Bucket By
Abstract: How bucketing can significantly improve join operation
Create two tables with 10 million records each.
spark.range(10000000).withColumn("f1", pow("id", 2)).write.saveAsTable("t1")
spark.range(10000000).withColumn("f2", pow("id", 3)).write.saveAsTable("t2")
Created 2 more tables with data bucketed by id column.
spark.table("t1").write.bucketBy(10, "id").saveAsTable("t1_buck")
spark.table("t2").write.bucketBy(10, "id").saveAsTable("t2_buck")
sql("select * from t1 join t2 on t1.id = t2.id").explain
[== Physical Plan ==
*SortMergeJoin [id#3408807L], [id#3408809L], Inner
:- *Sort [id#3408807L ASC NULLS FIRST], false, 0
: +- Exchange hashpartitioning(id#3408807L, 200)
: +- *Project [id#3408807L, f1#3408808]
: +- *Filter isnotnull(id#3408807L)
: +- *FileScan parquet default.t1[id#3408807L,f1#3408808] Batched: true, Format: Parquet, Location: InMemoryFileIndex[file:/Users/abulbasar/Downloads/zeppelin-0.7.3-bin-netinst/spark-warehouse/t1], PartitionFilters: [], PushedFilters: [IsNotNull(id)], ReadSchema: struct<id:bigint,f1:double>
+- *Sort [id#3408809L ASC NULLS FIRST], false, 0
+- Exchange hashpartitioning(id#3408809L, 200)

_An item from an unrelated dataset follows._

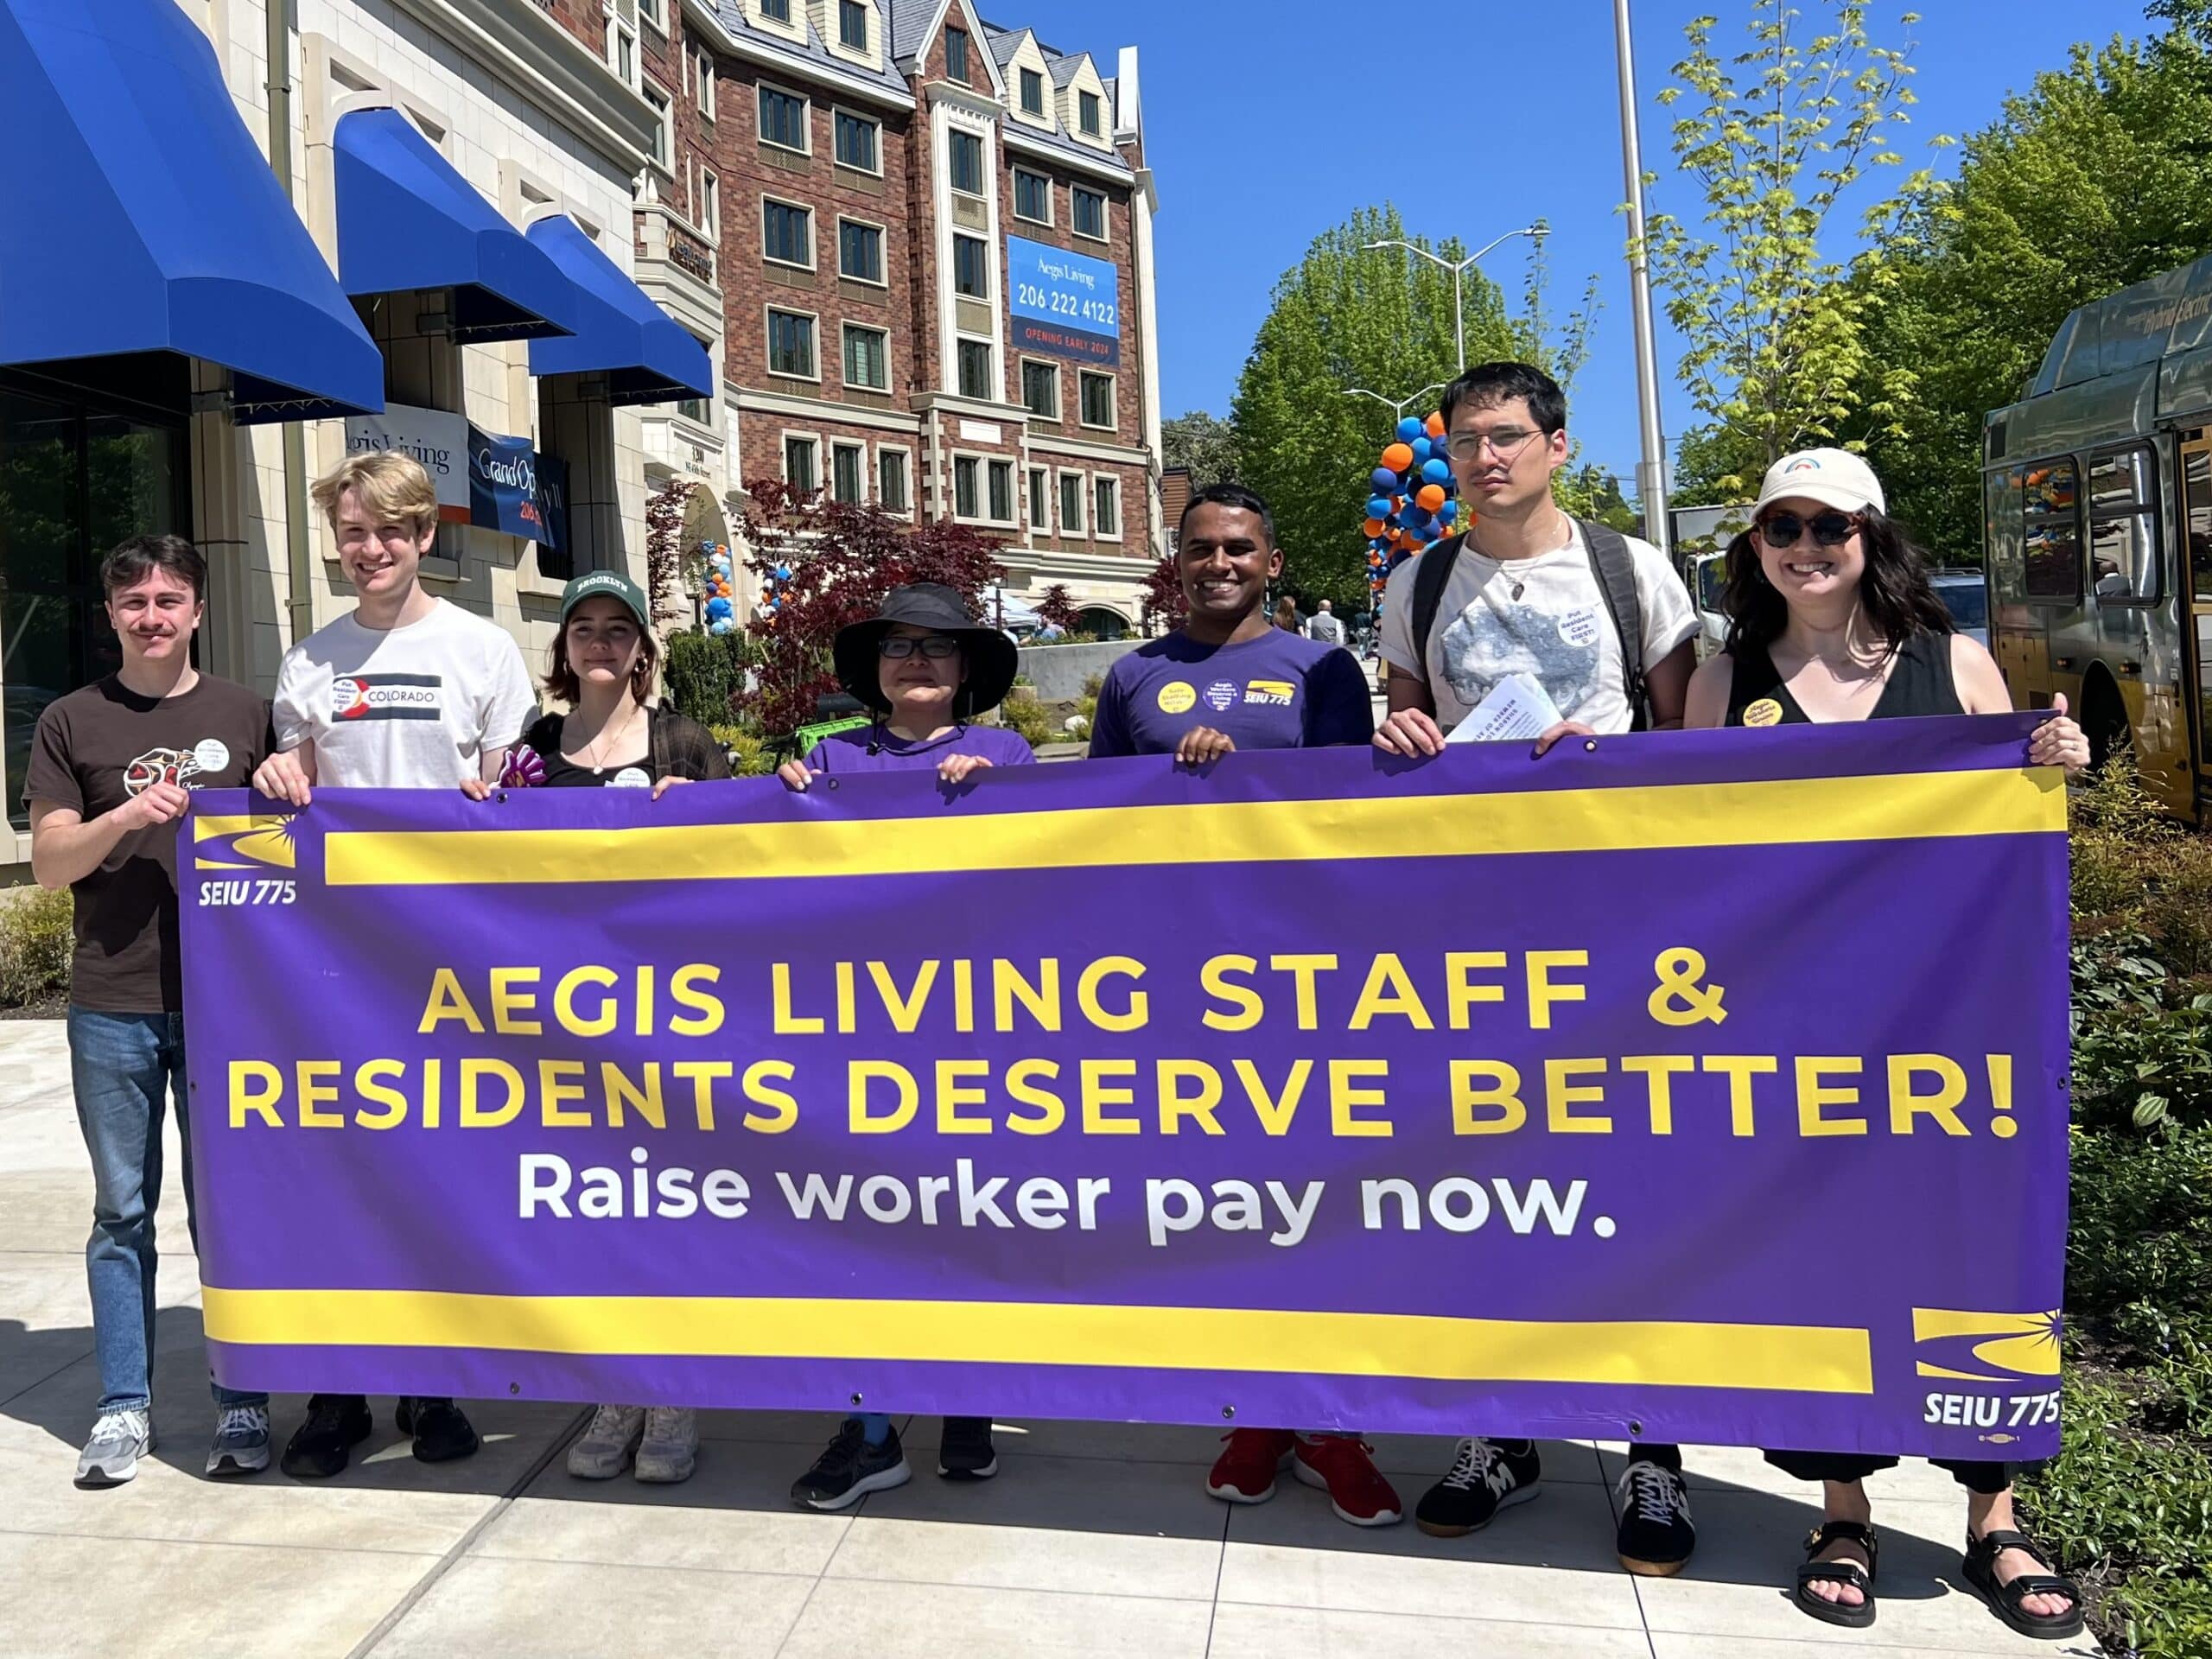 Workers at Aegis Living hold a sign that says "Aegis Living Staff and Residents Deserve Better"

+- *Project [id#3408809L, f2#3408810]
+- *Filter isnotnull(id#3408809L)
+- *...
Observations:
- join requires a single stage
- 2 exchange hash partitioner are present followed up SortMergeJoin
sql("select * from t1_buck join t2_buck on t1_buck.id = t2_buck.id").explain
[== Physical Plan ==
*SortMergeJoin [id#3408855L], [id#3408857L], Inner
:- *Sort [id#3408855L ASC NULLS FIRST], false, 0
: +- *Project [id#3408855L, f1#3408856]
: +- *Filter isnotnull(id#3408855L)
: +- *FileScan parquet default.t1_buck[id#3408855L,f1#3408856] Batched: true, Format: Parquet, Location: InMemoryFileIndex[file:/Users/abulbasar/Downloads/zeppelin-0.7.3-bin-netinst/spark-warehouse/t1_b..., PartitionFilters: [], PushedFilters: [IsNotNull(id)], ReadSchema: struct<id:bigint,f1:double>
+- *Sort [id#3408857L ASC NULLS FIRST], false, 0
+- *Project [id#3408857L, f2#3408858]
+- *Filter isnotnull(id#3408857L)
+- *FileScan parquet default.t2_buck[id#3408857L,f2#3408858] Batched: true, Format: Parquet, Location: InMemoryFi...
Observations:
- join requires a single stage
- 2 exchange hash partitioner are removed
Net benefit, the join query ran much faster for the bucketed table.